My view is that if you have short lifespan, that is not an interesting project to me.
Put simply, it is quite easy to spend 100,000$ of a piece of software. If you can only get 10$ x 10,000 on it throughout its lifetime, it is totally un-interesting.
But if you can continue getting that money over a long period of time, that changes thing.
@Ayende,
Yeah, my point was just using his example figures. I would hope that was maybe a month's sales type scenario.
competitive advantage: A blog with many subscribers who trust you to build a useful product.
The biggest advantage is your blog and your name. For Uber Proof there is an additional effect that you have worked a lot with NHibernate but for Raven it is just basicly your name and our trust in you making a good solution. That these are actually good products help (only used nhibernate profiler)
Wow... Now that's what I call advertising!
Like everyone here now seeks what competitive advantages of Your products are. And coolest thing - that's not cheating, this blog post provides really useful information. o_0
The last three comments made it. The main advantange is that the products come from Ayende.

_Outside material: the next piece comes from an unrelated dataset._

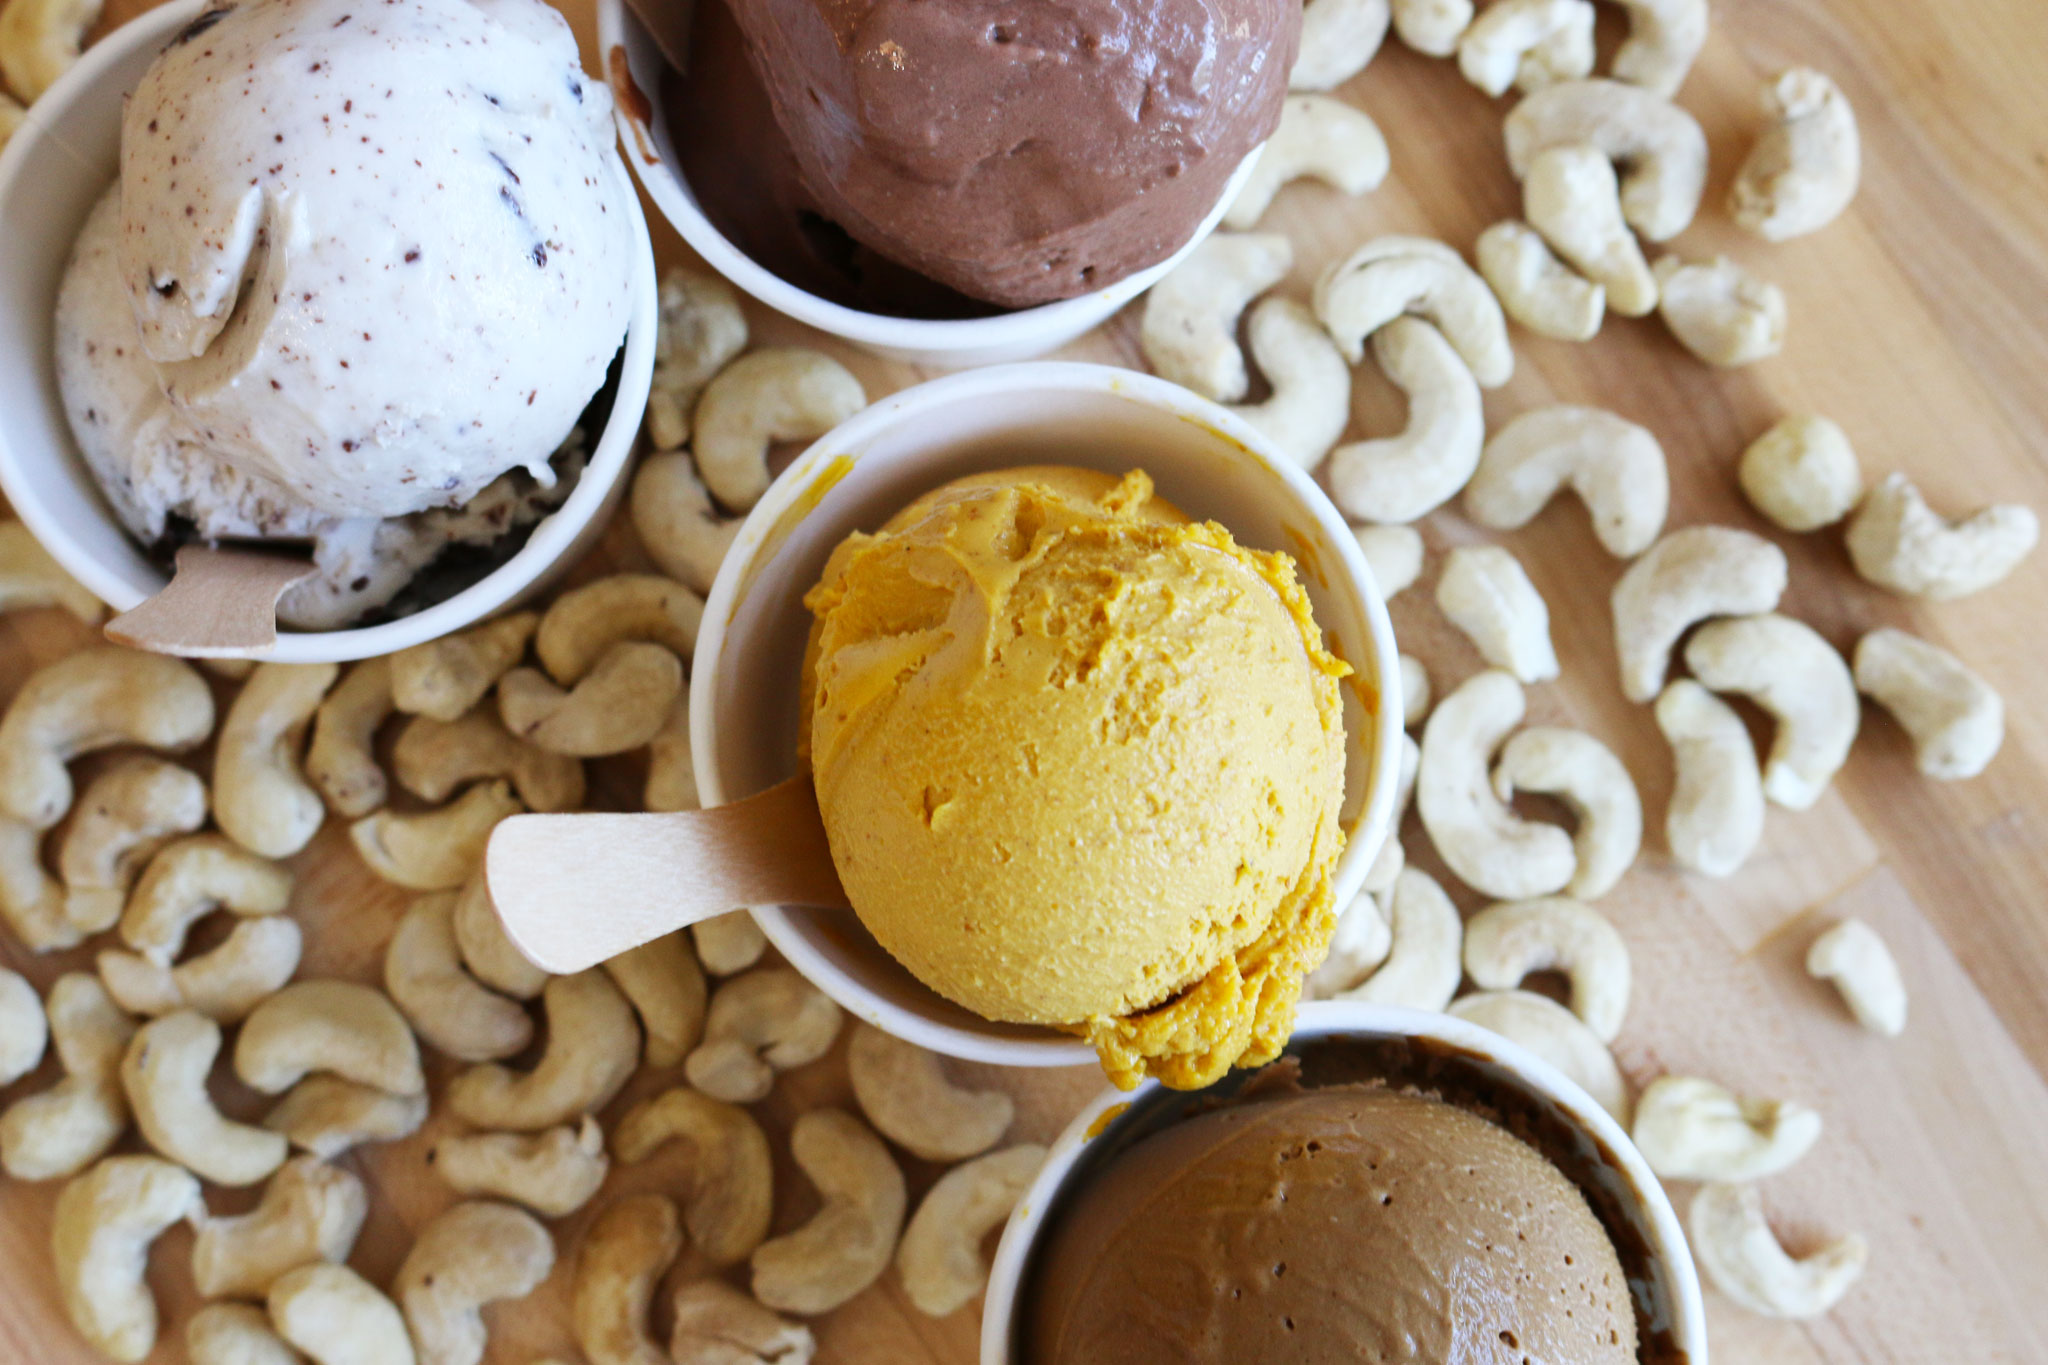 Cashew Cow flavors in Tucson
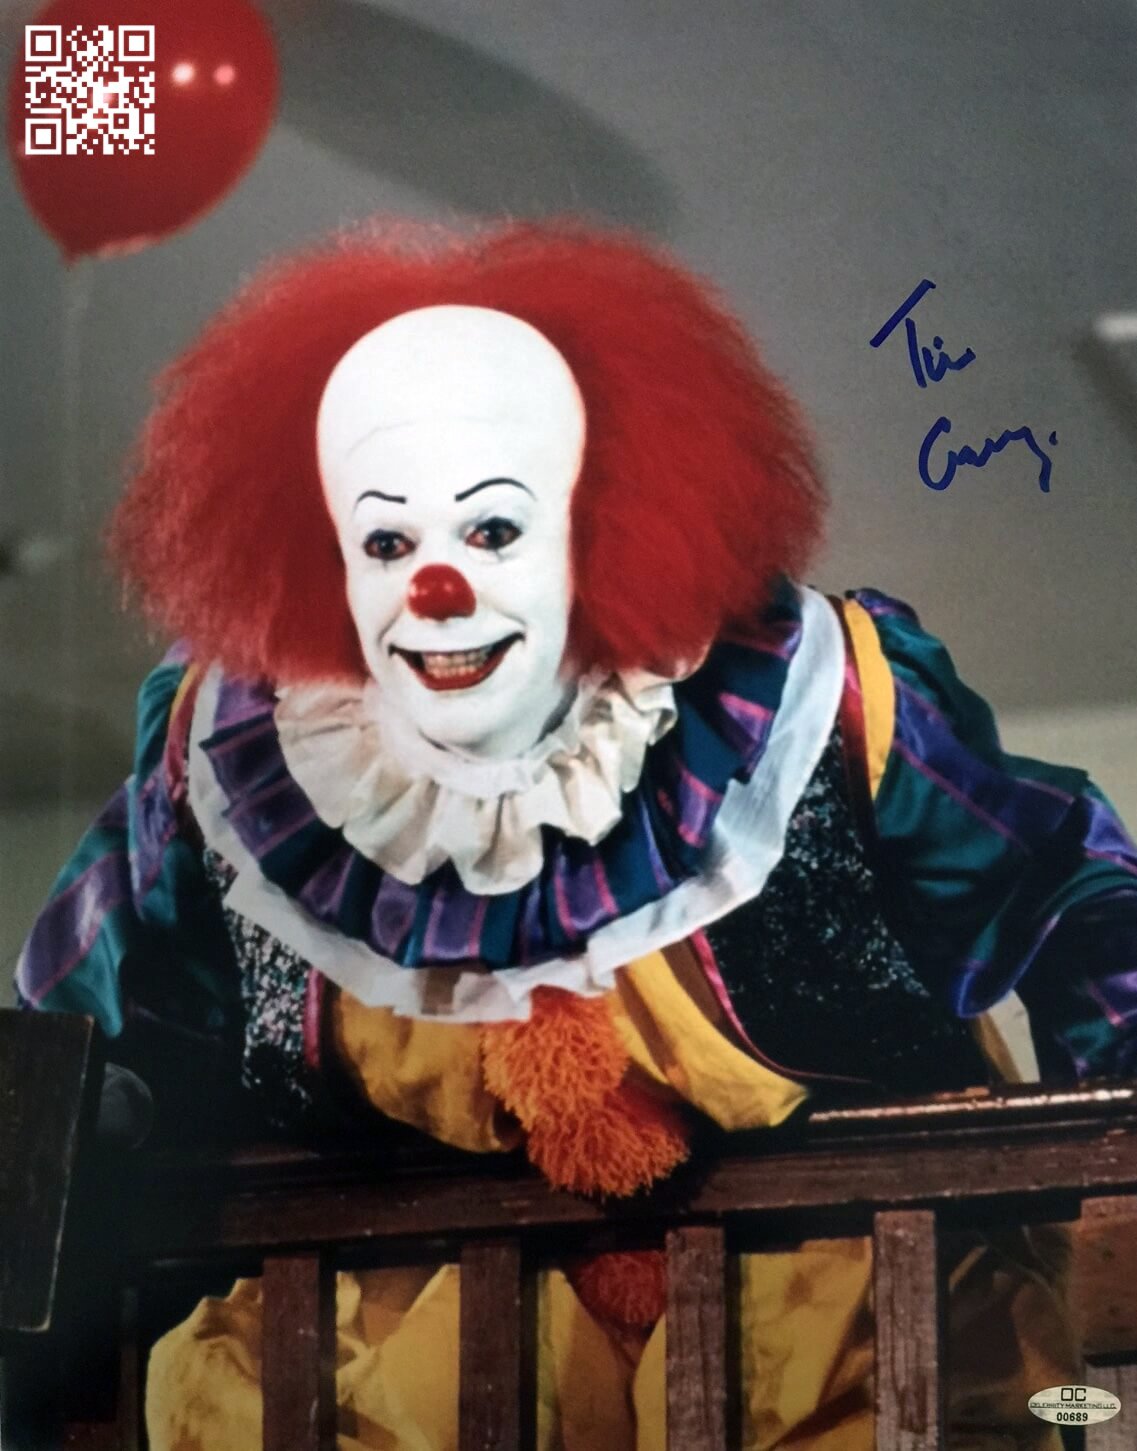 Tim Curry as Penny Wise Signed & Mounted 8 x 10" Autographed Photo (Reprint 1921) Great Gift Idea.

You defined what's called 'Unique Selling Points' or USPs. It's critical that a product has USPs and they should matter to your target audience(s). Having USPs alone is not enough: if your target audience doesn't give a **** about them, you won't sell anything.
This shows the deep connection between USPs, target audiences and 'benefits sought' by the target audiences. The product with the best defined USPs which apply the most to their target audiences as they match the best with the benefits sought of those target audiences wins.
It's very hard but essential to get all 3 aspects defined and you get insight in those 3, starting by your USPs, as that's the easiest. The hardest is the benefits sought by your target audience, as every individual of course thinks he/she has a unique demand.
It's also simple to see why some products fail or in the end fail: they lose the match with their target audience's benefits sought: other products match better or the target audience changes, shrinks or goes away completely.